Records shown
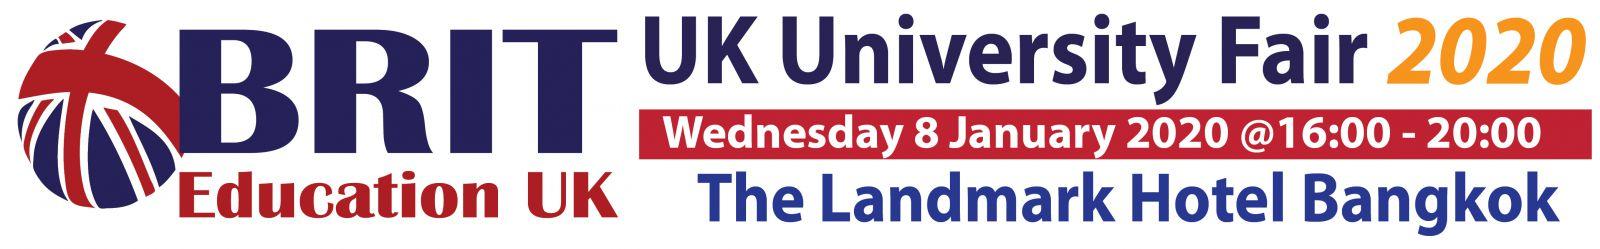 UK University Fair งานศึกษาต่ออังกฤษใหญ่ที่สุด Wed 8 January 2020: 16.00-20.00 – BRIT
---
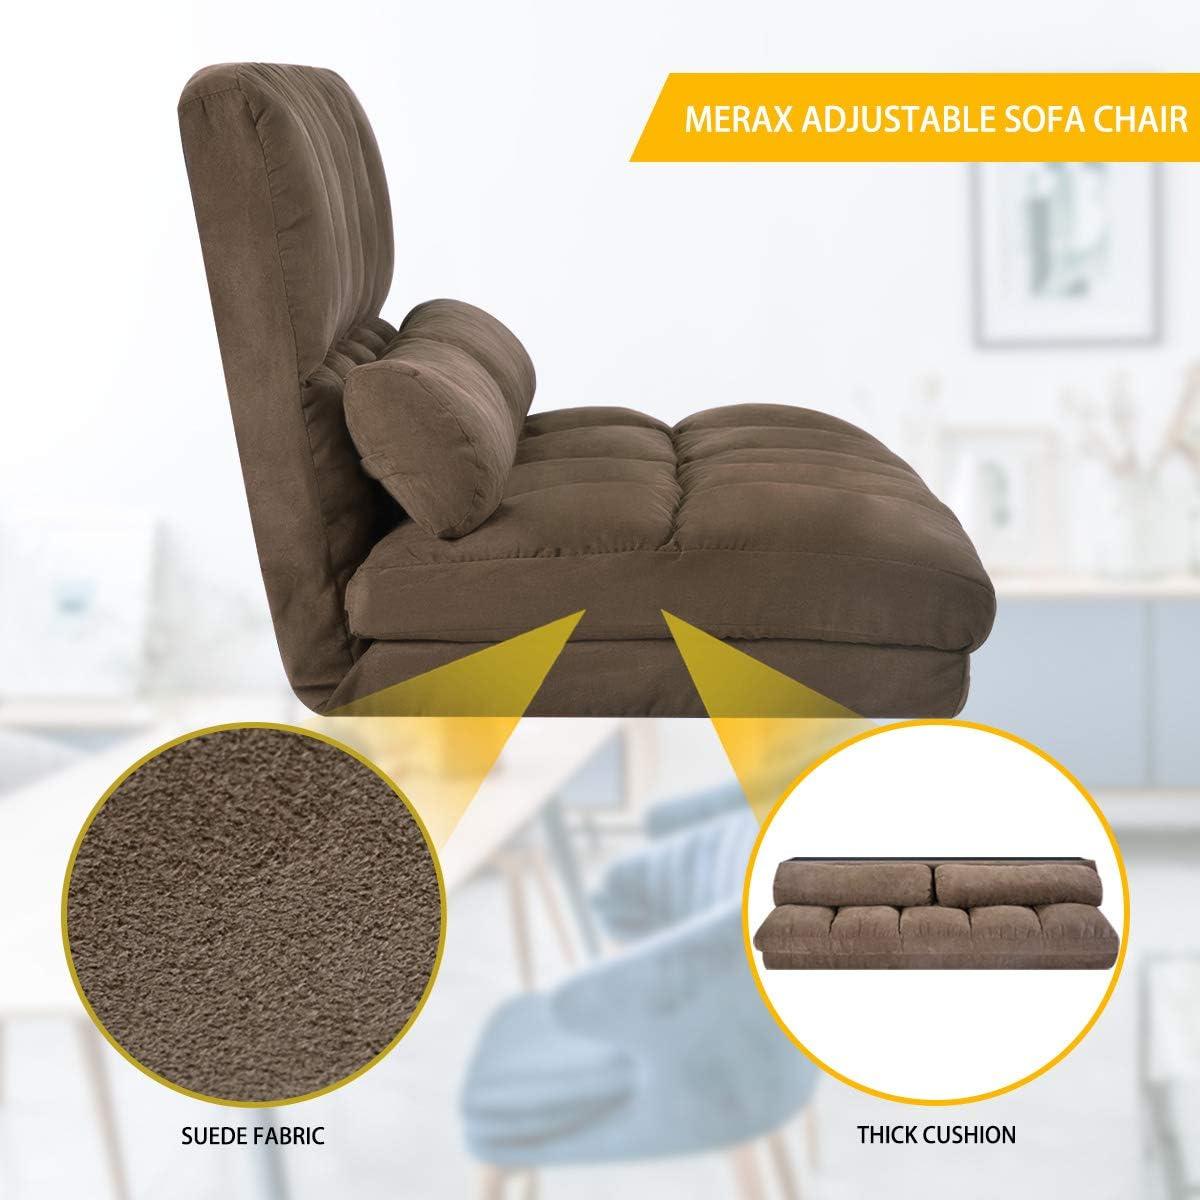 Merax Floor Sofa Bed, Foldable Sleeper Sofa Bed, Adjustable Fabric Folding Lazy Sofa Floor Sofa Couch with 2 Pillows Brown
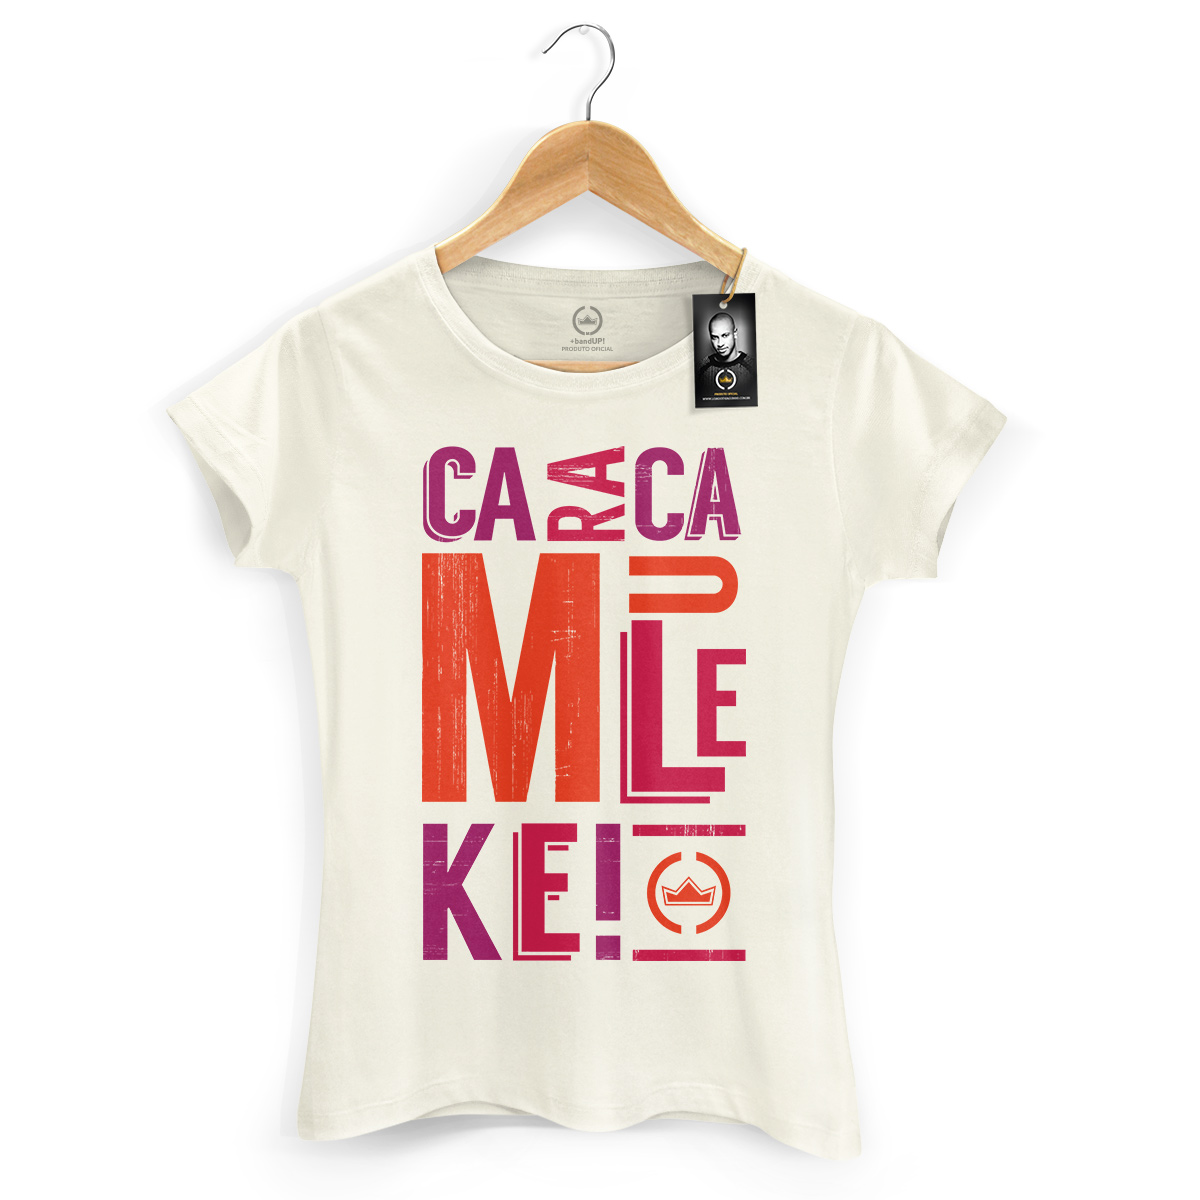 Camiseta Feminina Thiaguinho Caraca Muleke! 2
* * *
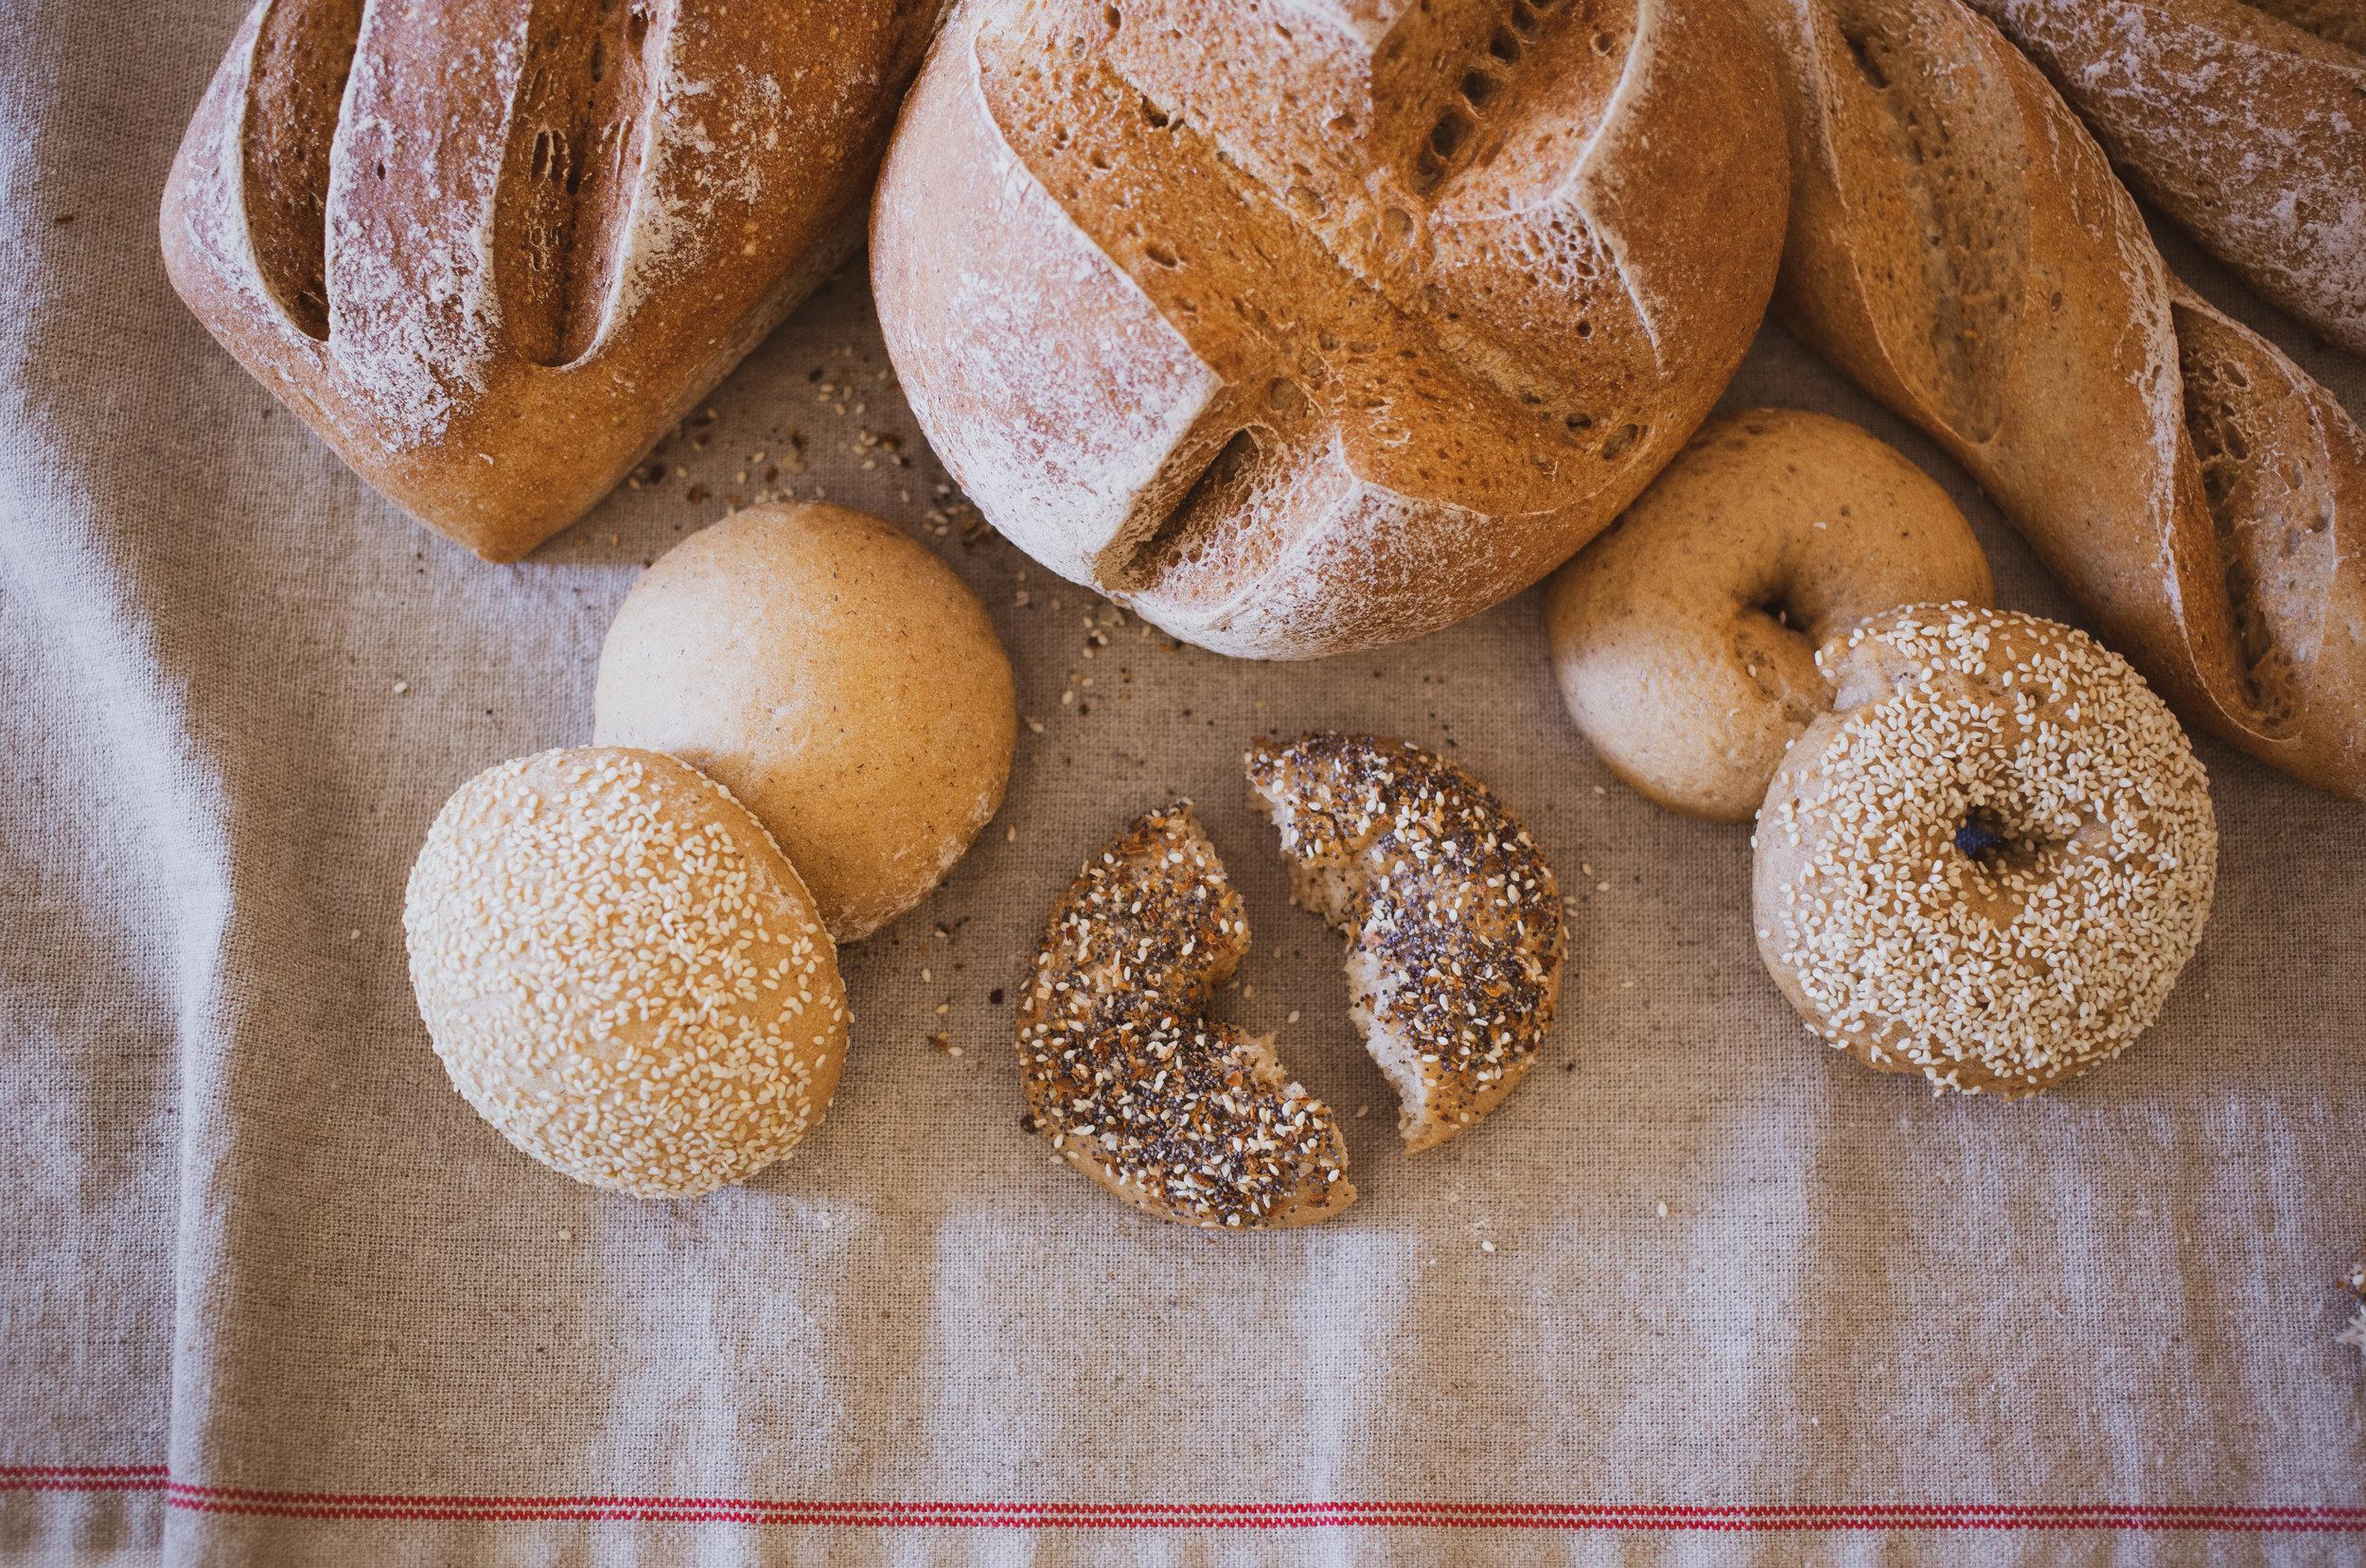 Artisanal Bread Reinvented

What the exercise asks
Although the records above contain pictures, the copy should not; retype exactly the lines from the one containing "Merax Floor Sofa" through the one containing "Camiseta Feminina Thiaguinho".

Result of the exercise
 Merax Floor Sofa Bed, Foldable Sleeper Sofa Bed, Adjustable Fabric Folding Lazy Sofa Floor Sofa Couch with 2 Pillows Brown
 Camiseta Feminina Thiaguinho Caraca Muleke! 2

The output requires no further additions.